Monday, July 4, 2011


Prince Albert II of Monaco and his South African bride, Princess Charlene, married in a religious ceremony on Saturday, solemnising their union in front of 800 royal and celebrity guests.

Arrayed in a stunning Armani gown cut from 130 metres of silk and studded with 40,000 crystals, the world's newest royal stole occasional smiling glances at her husband during the ceremony, which followed Friday's civil wedding.

Archbishop Bernard Barsi of Monaco asked each whether they accepted each other “for better, for worse, for richer, for poorer, in sickness and in health, until death do you part.” Both replied with a firm: “Yes.”

 Then the couple — Princess Charlene, noticeably less tense than she had been at the first ceremony, and occasionally smiling — exchanged rings in 18-carat white gold and platinum by the House of Cartier.

South African singer Pumela Matshikiza celebrated with a popular, upbeat wedding song from the Princess' homeland: “Diviner of the roadways, the knock knock beetle / It just passed by here, the knock knock beetle.”

Some 800 guests attended the service in the palace, and another 3,800 were outside watching on a large screen, cheering as popular guests like James Bond actor Roger Moore and the former French First Lady, Bernadette Chirac, arrived.

Aside from French President Nicolas Sarkozy and the kings and queens of Sweden and Belgium, the crowd included fashion designers, models, sportsmen, more minor royals and senior officials from the tiny principality.

Throughout the ceremony, which lasted an hour and a half, both bride and groom wore demure expressions, their eyes mostly downcast.
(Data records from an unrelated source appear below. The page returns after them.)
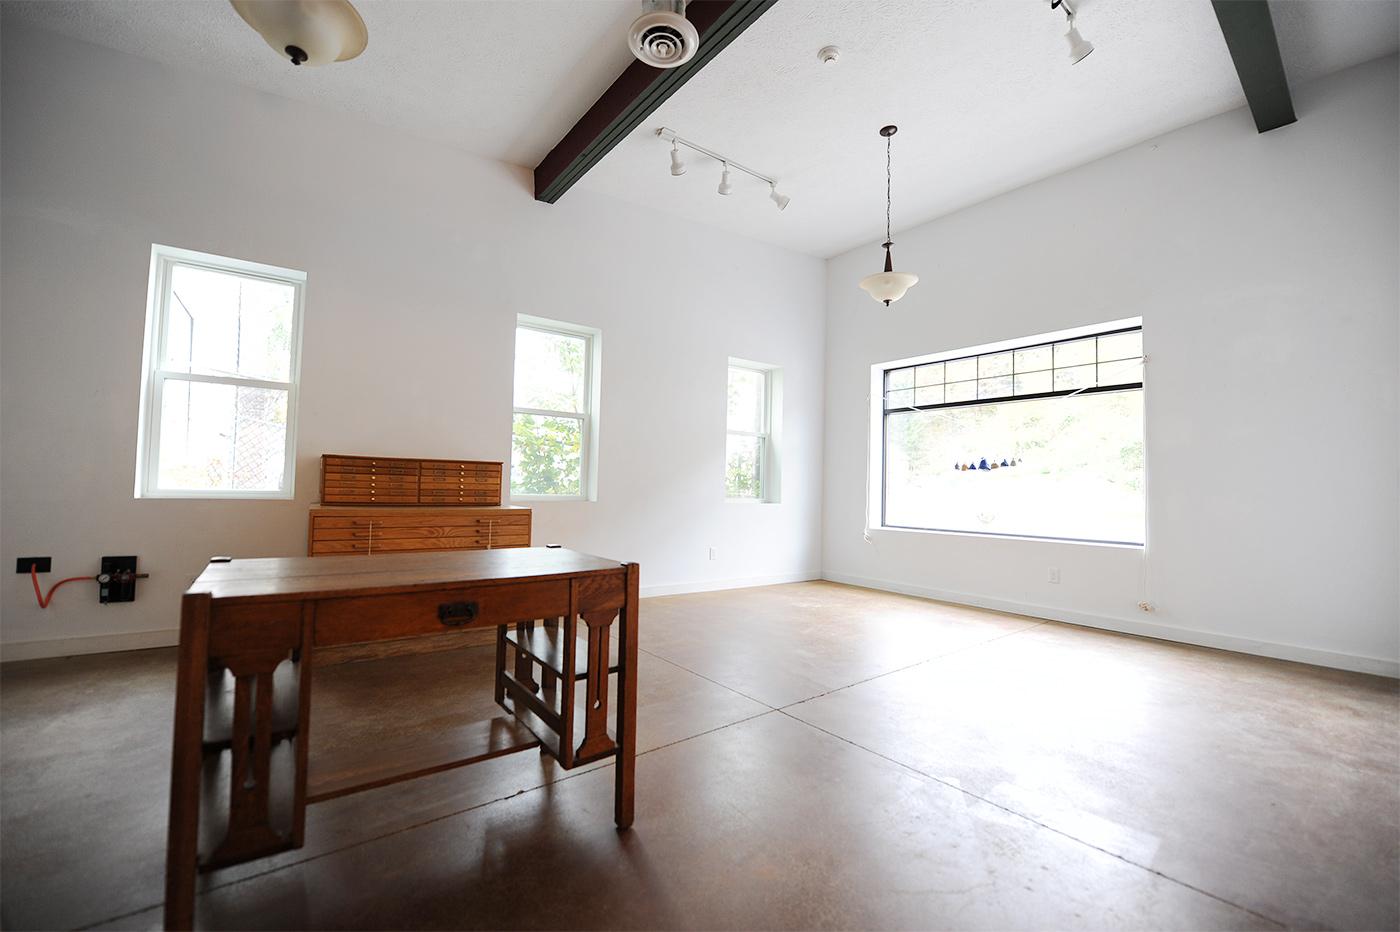 emptyroom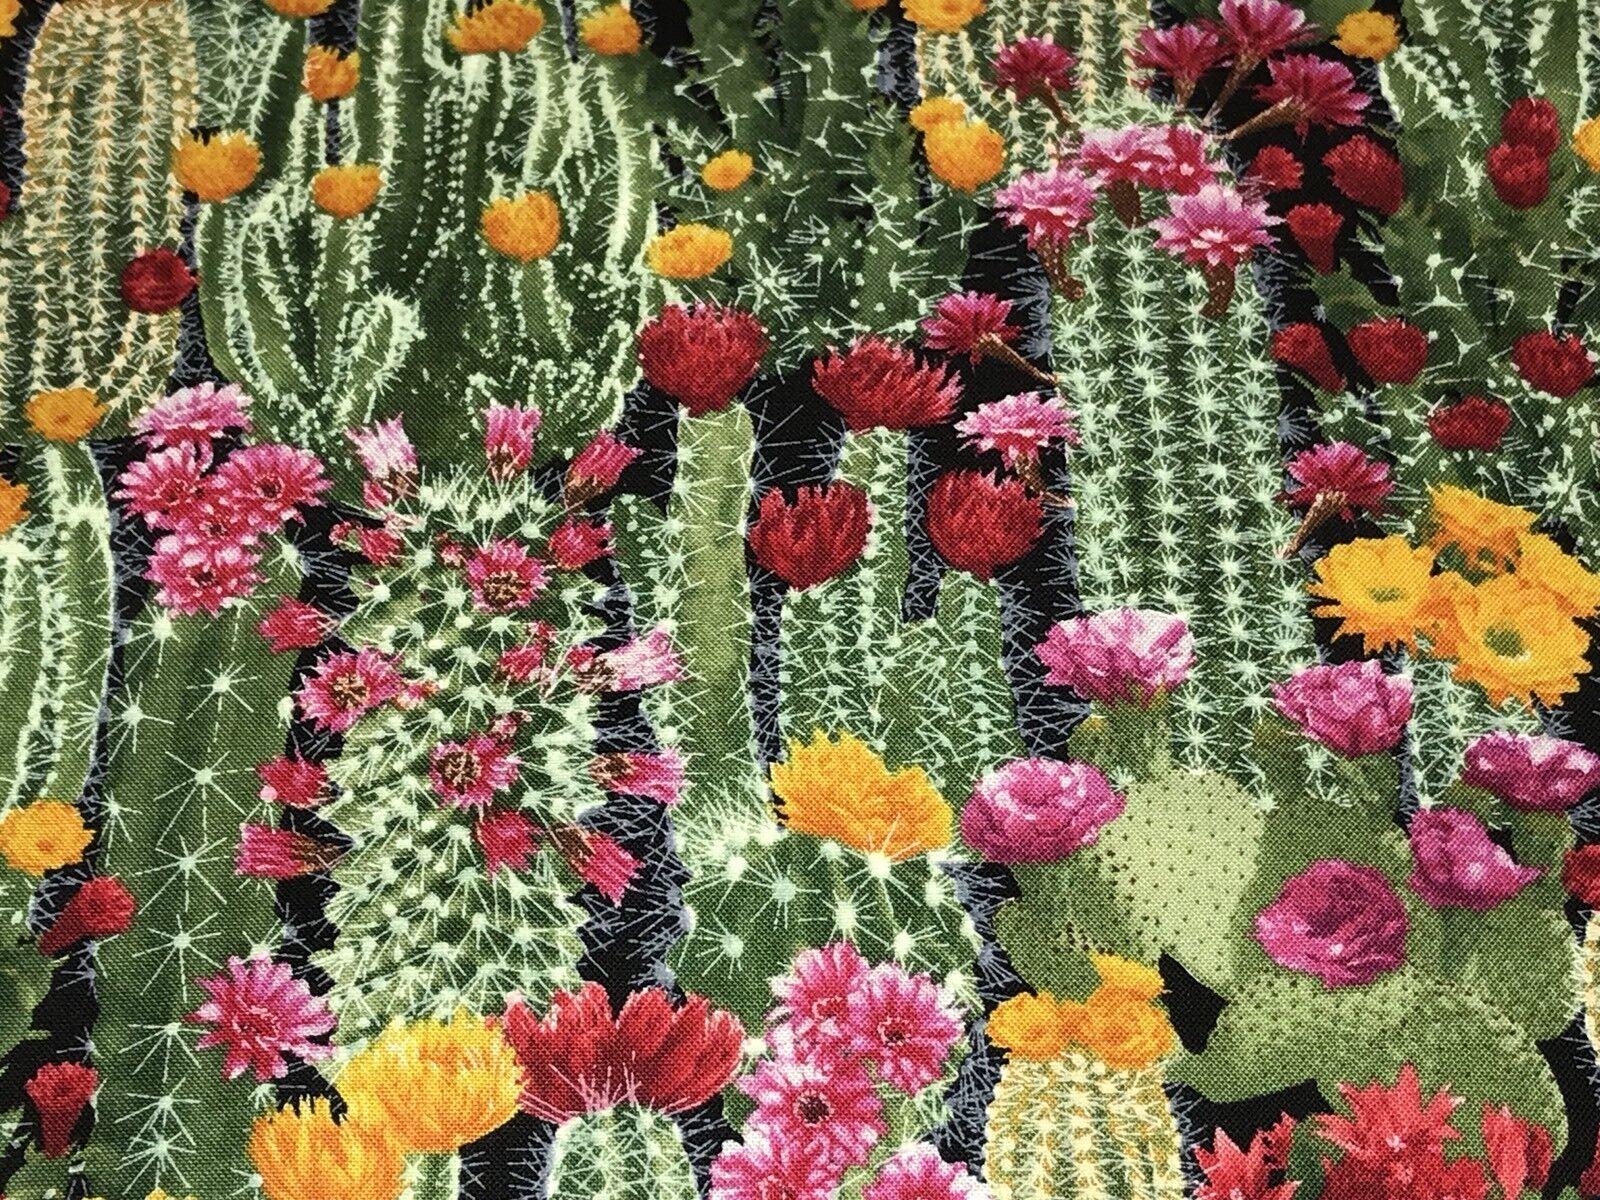 100/% Cotton 1649-26641-S SOUTHWEST SOUL QUILT Fabric Rust Cactus Cactus /& Flowers Quilting Treasures Sewing Material Desert Cactus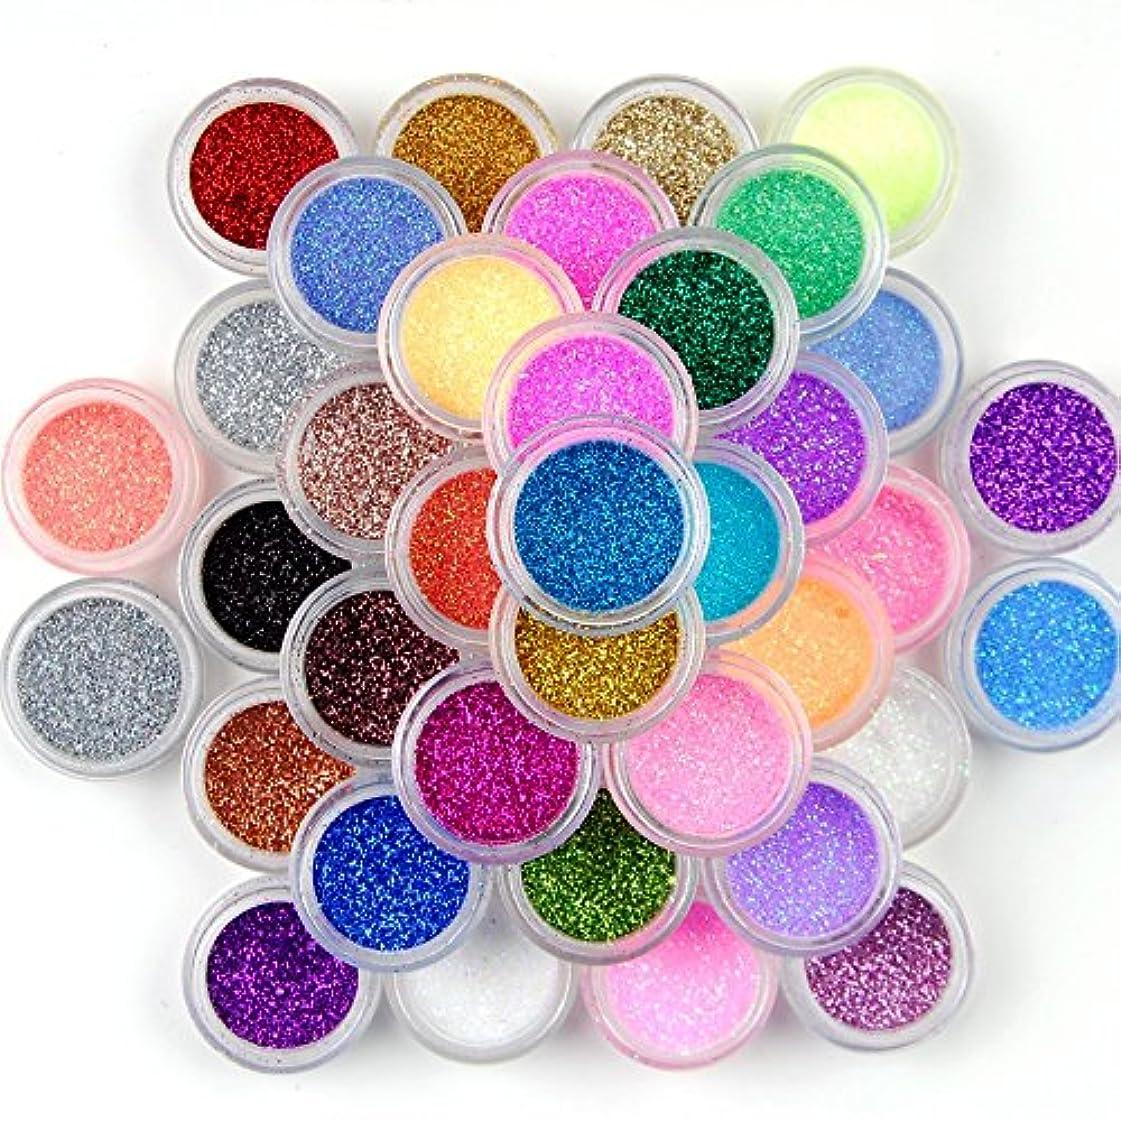 チャーミング補体スクラップ12個ネイルアートDust Glitter Powder DIY装飾ヒント、色ランダム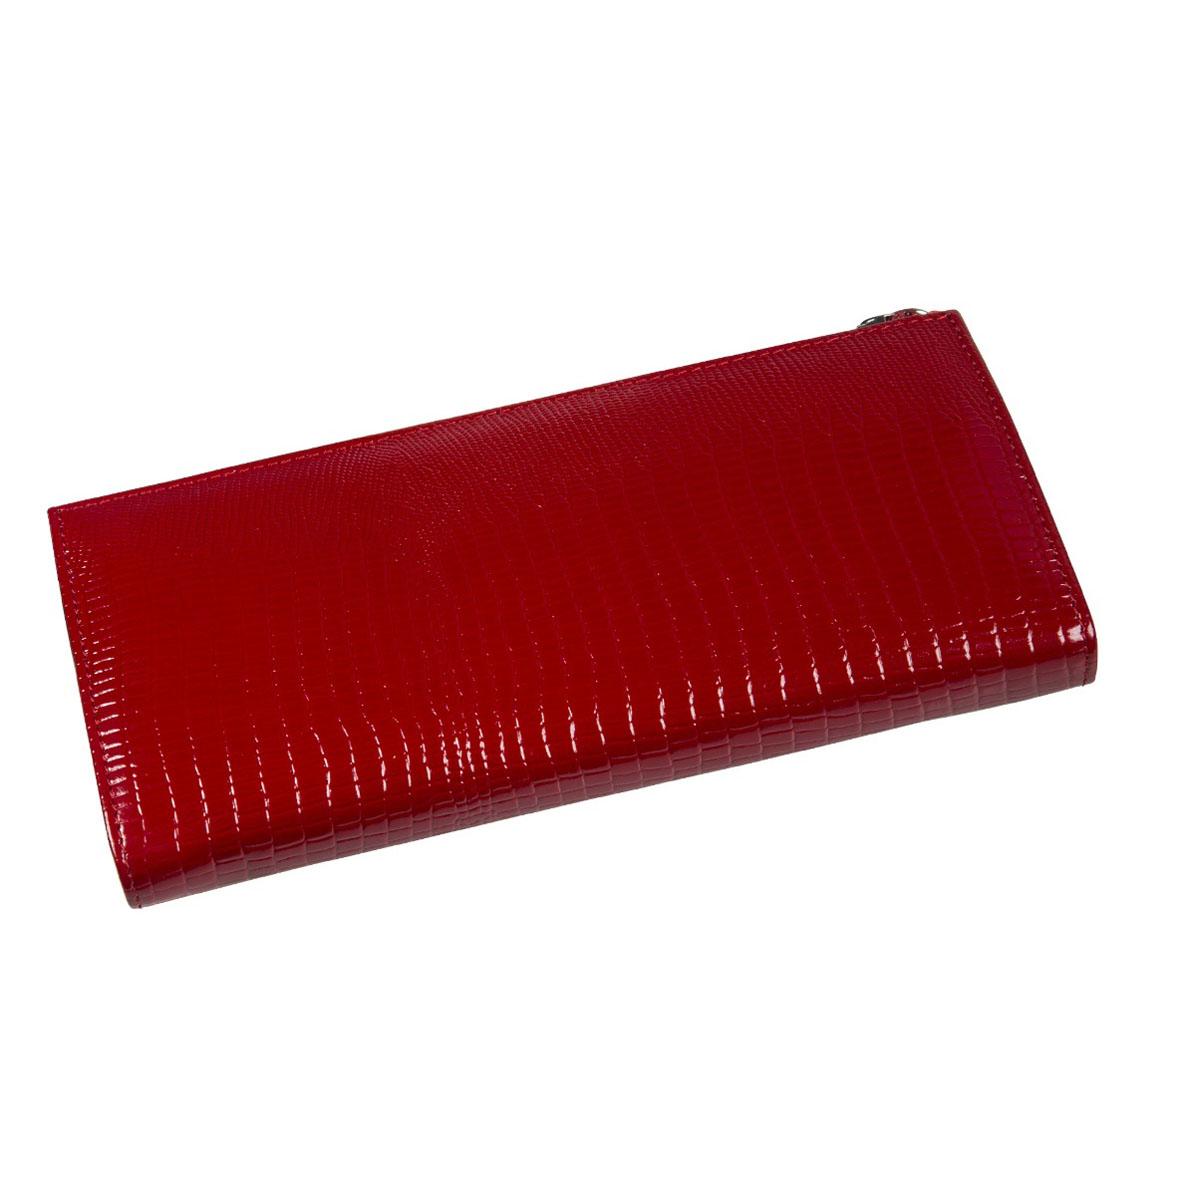 Портмоне женское Befler Ящерица, цвет: красный. PJ.159.-3PJ.159.-3Портмоне Befler Ящерица выполнено из натуральной лаковой кожи и оформлено тисненым рисунком. Закрывается на молнию. Внутри расположено 3 отделения для купюр, скрытый карман, отделение для мелочи на молнии, накладной карман из кожи для кредитных карт.

Only as they took their vows and exchanged rings did the solemn facade crack: As they slipped on the 18 carat white gold Cartier rings onto each other's fingers, Albert — in a white military uniform — shot her a wink, and Charlene cracked a broad, sincere smile.

As the couple left the palace, arm in arm, he in his cream officer's uniform, the bells of the principalities' many churches rang and guests showered them with rose petals.

The tears flowed freely down the new princess' face after the ceremony, as she left her bouquet of lilies of the valley and other white blossoms at the Sainte Devote church — a tradition in Monaco.

The five-tier cake was exceptional and dwarfed the couple as they stood next to it and prepared to cut a much smaller version for their guests. Always keen to pay homage to her roots, Princess Charlene ensured the cake was also decorated with Proteas, South Africa’s national flower.